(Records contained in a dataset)
-- Opening Marker --
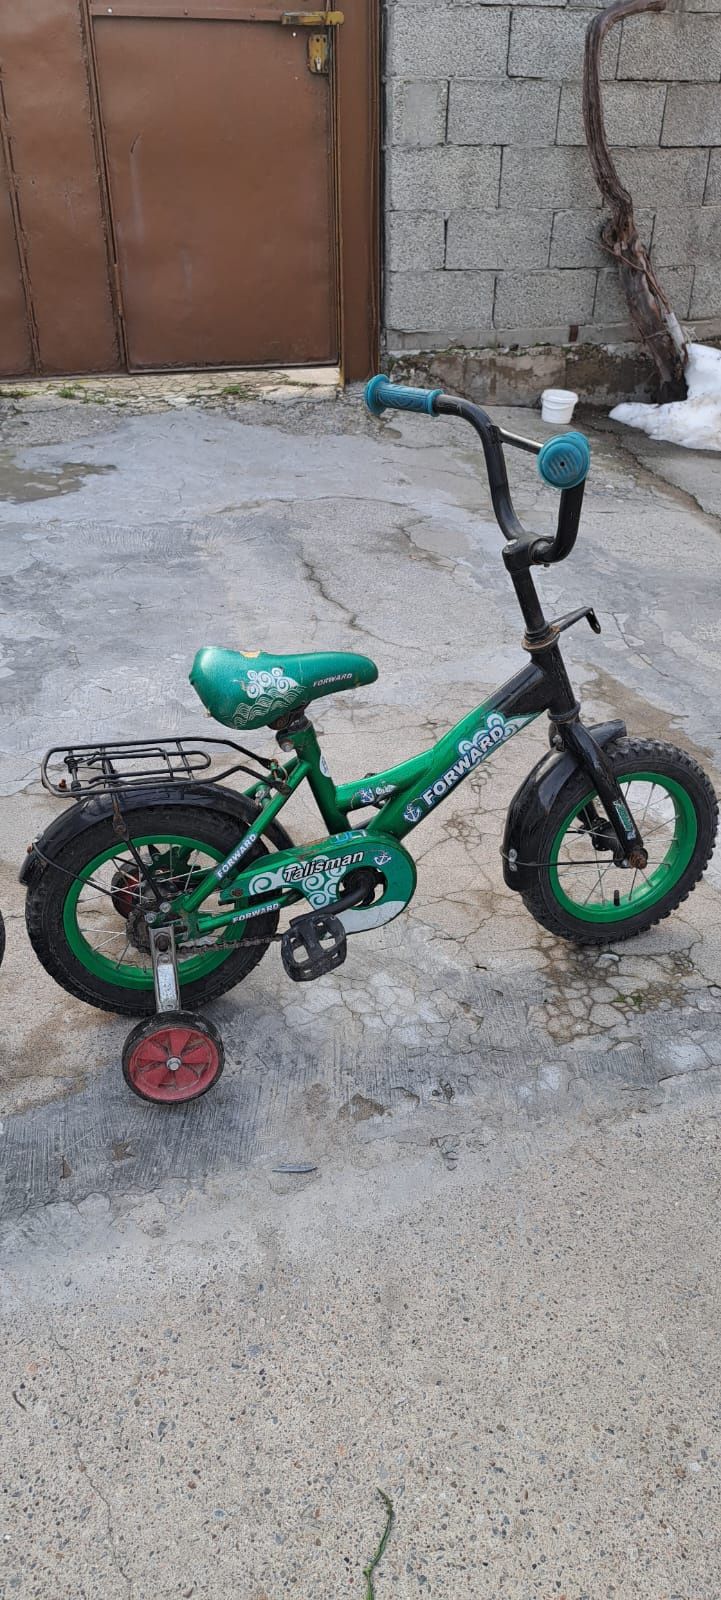 Велосипед Детский в Идеальном состоянии Р12,Р12
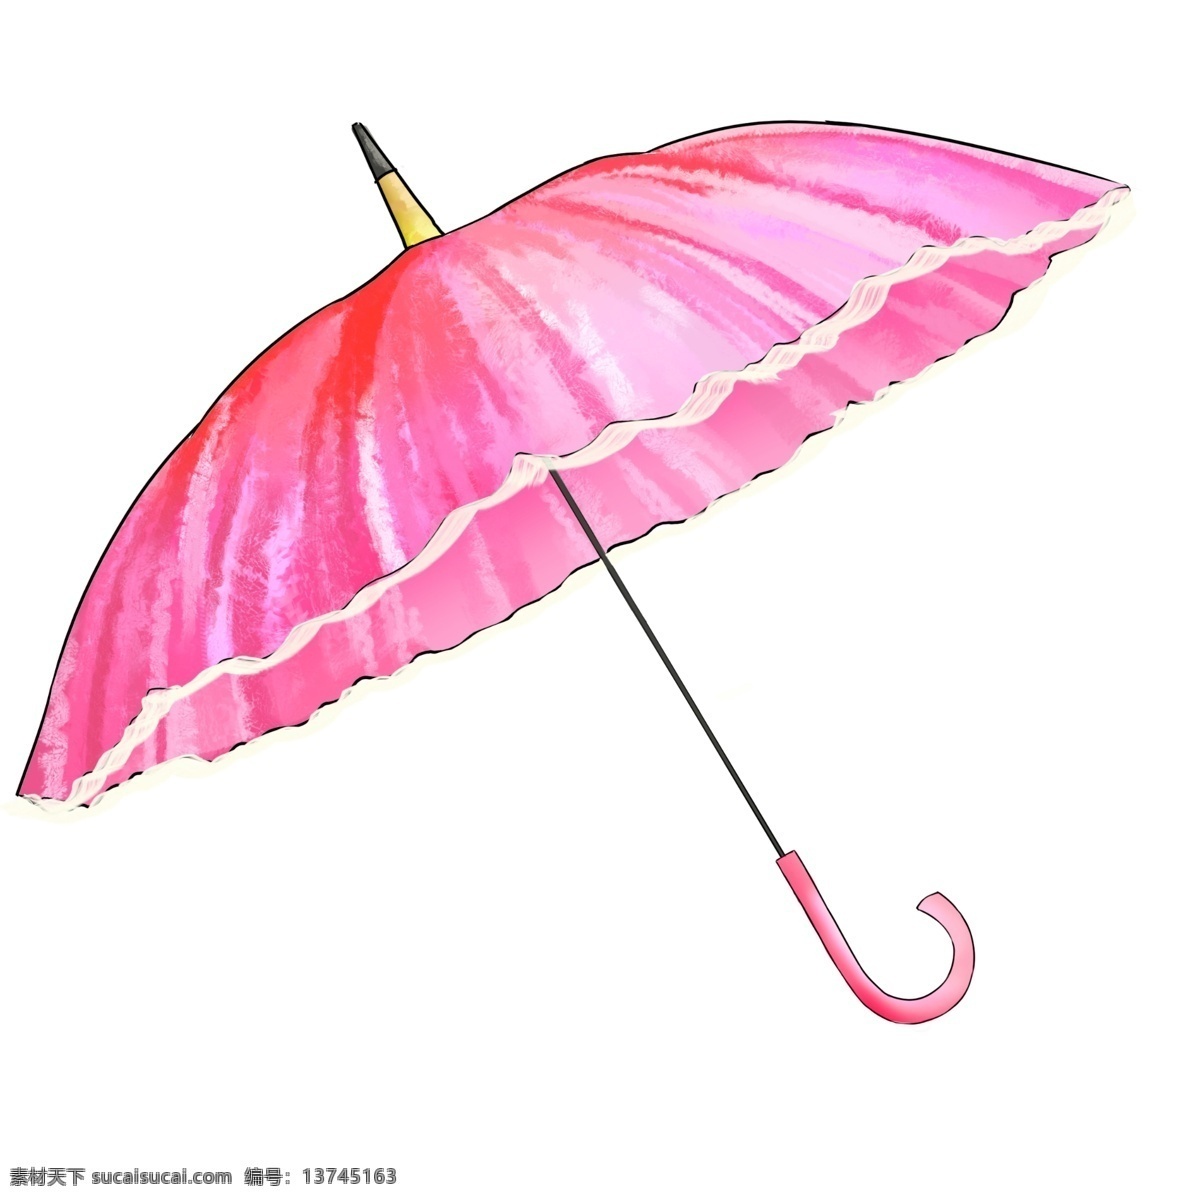 遮阳伞 雨伞 粉色 淑女 蕾丝 阳伞 公主 下雨 雨天 雨季 传统 工艺 手作 黄梅 江南
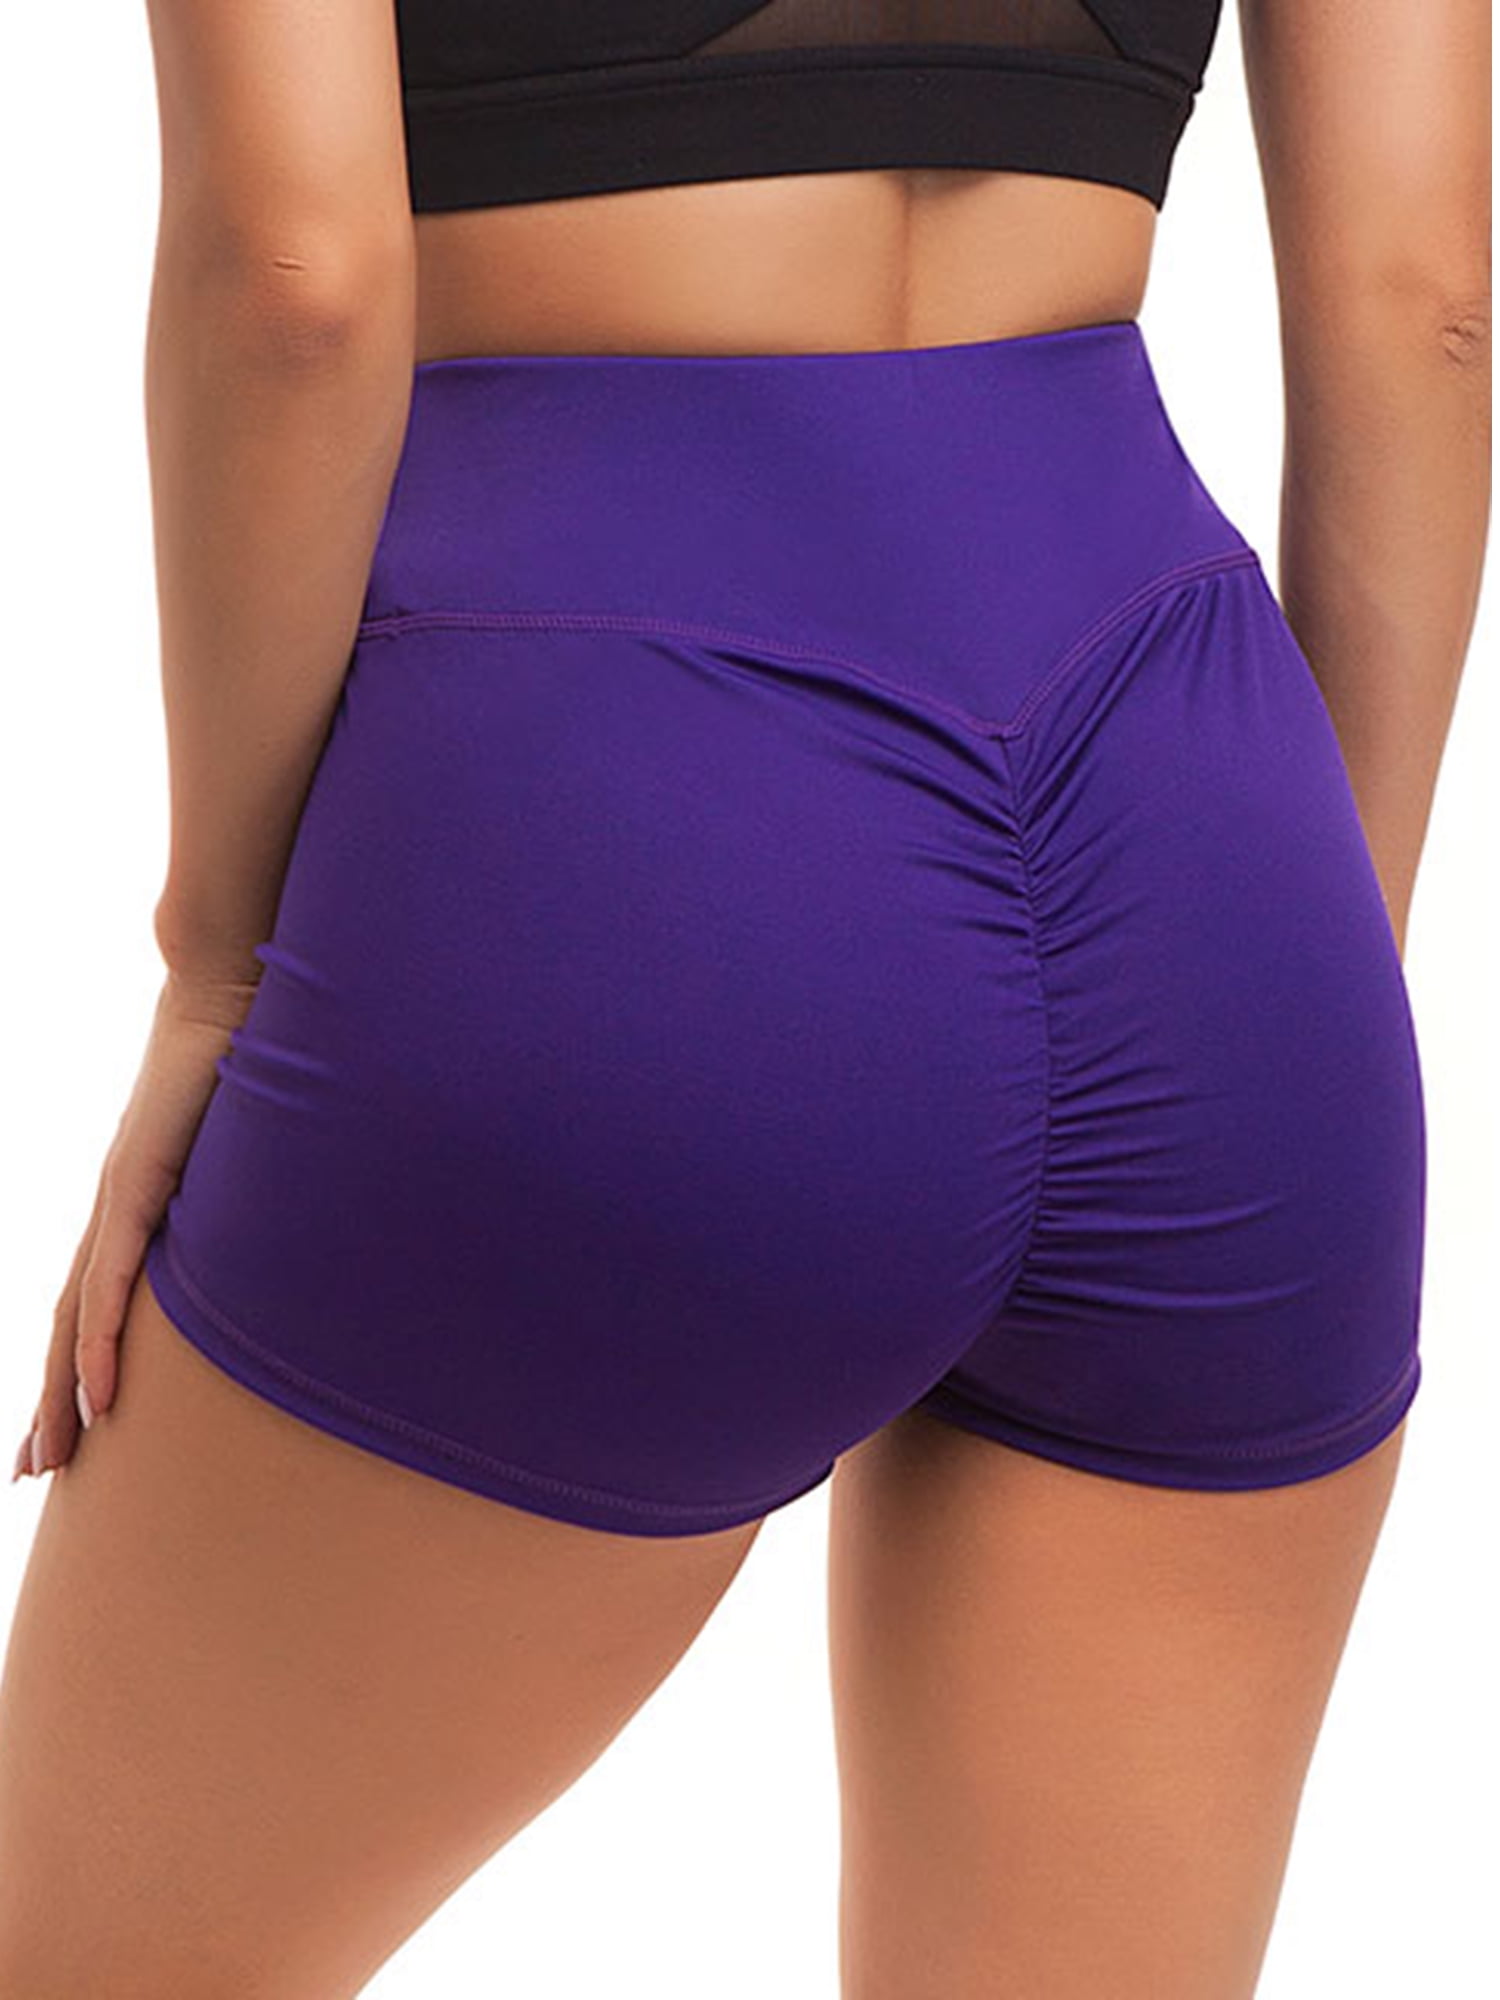 Hot Women's High Waist Yoga Shorts Butt Lift Scrunch Compression Sports Pants A8 
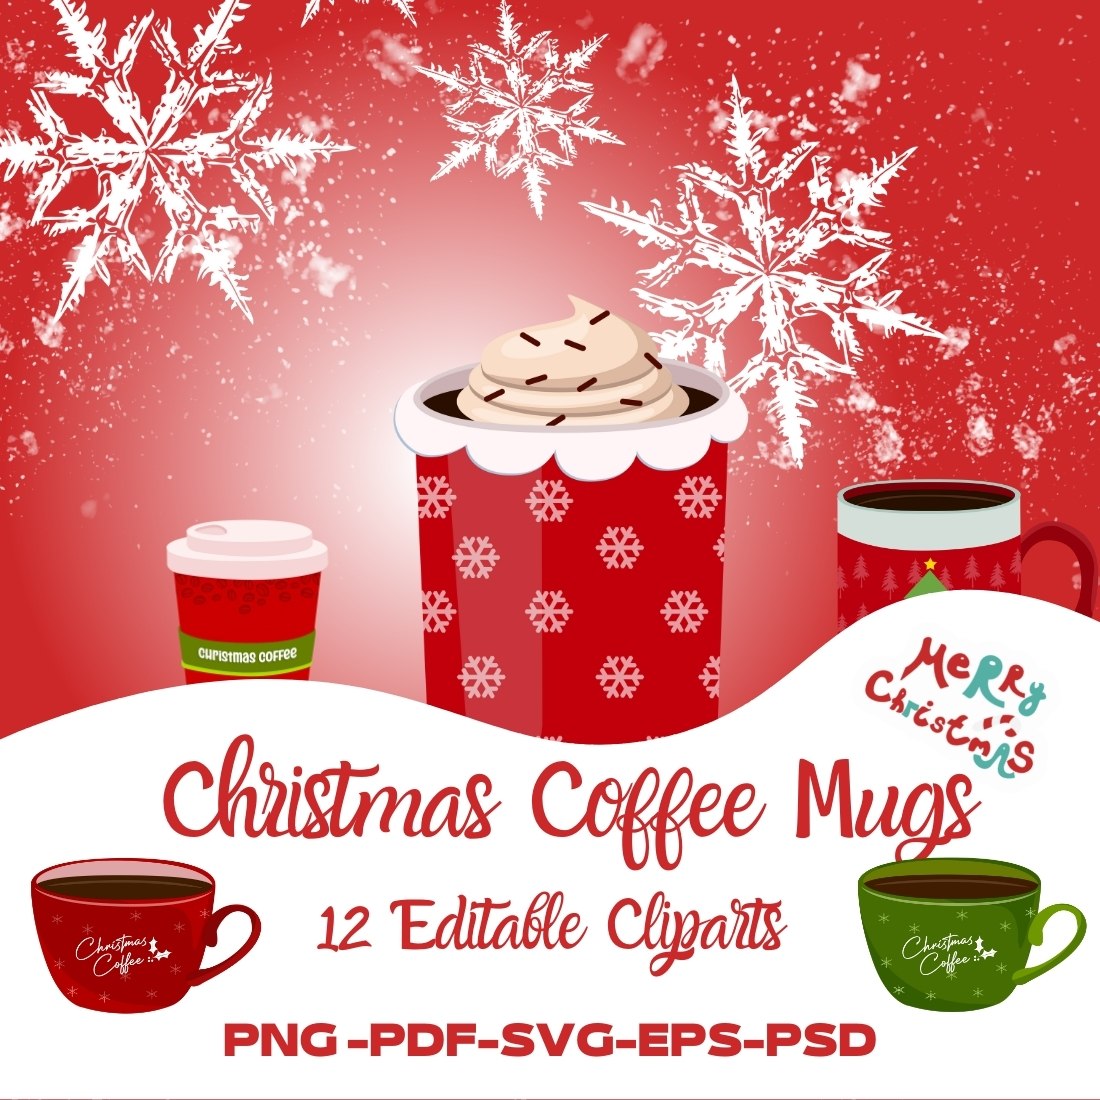 Christmas Coffee Mugs 12 Editable Designs cover image.
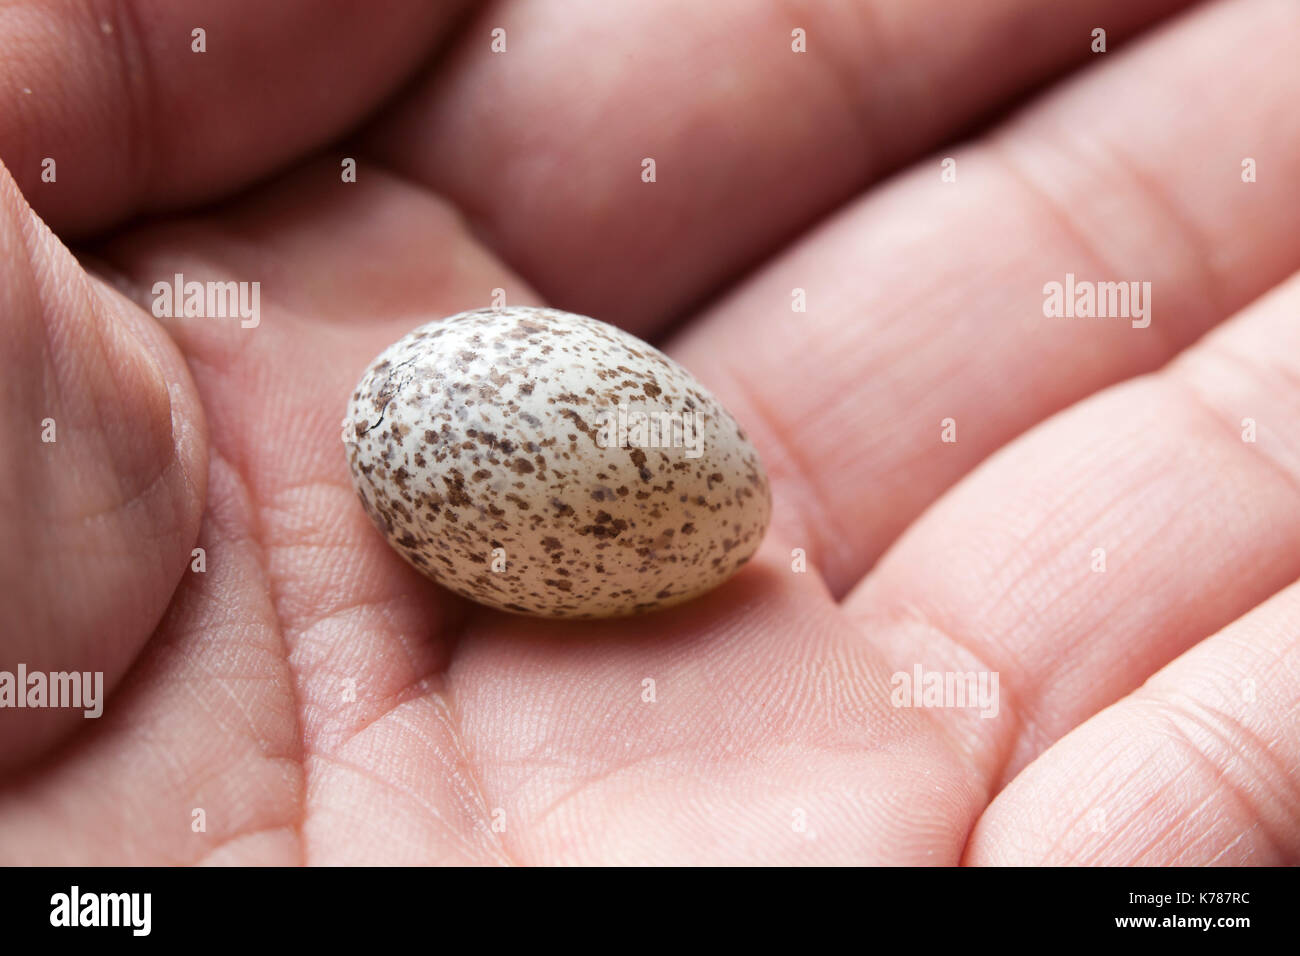 Mann hält Northern cardinal bird Egg (Cardinalis cardinalis) - USA Stockfoto
-- Closing Marker --
■ Required work:
The answer must be an exact copy of the lines from the one that holds "Christmas Coffee Mugs" through the end of the data, both included, with no pictures.

■ Response below:
 Christmas Coffee Mugs 12 Editable Designs cover image.
 Mann hält Northern cardinal bird Egg (Cardinalis cardinalis) - USA Stockfoto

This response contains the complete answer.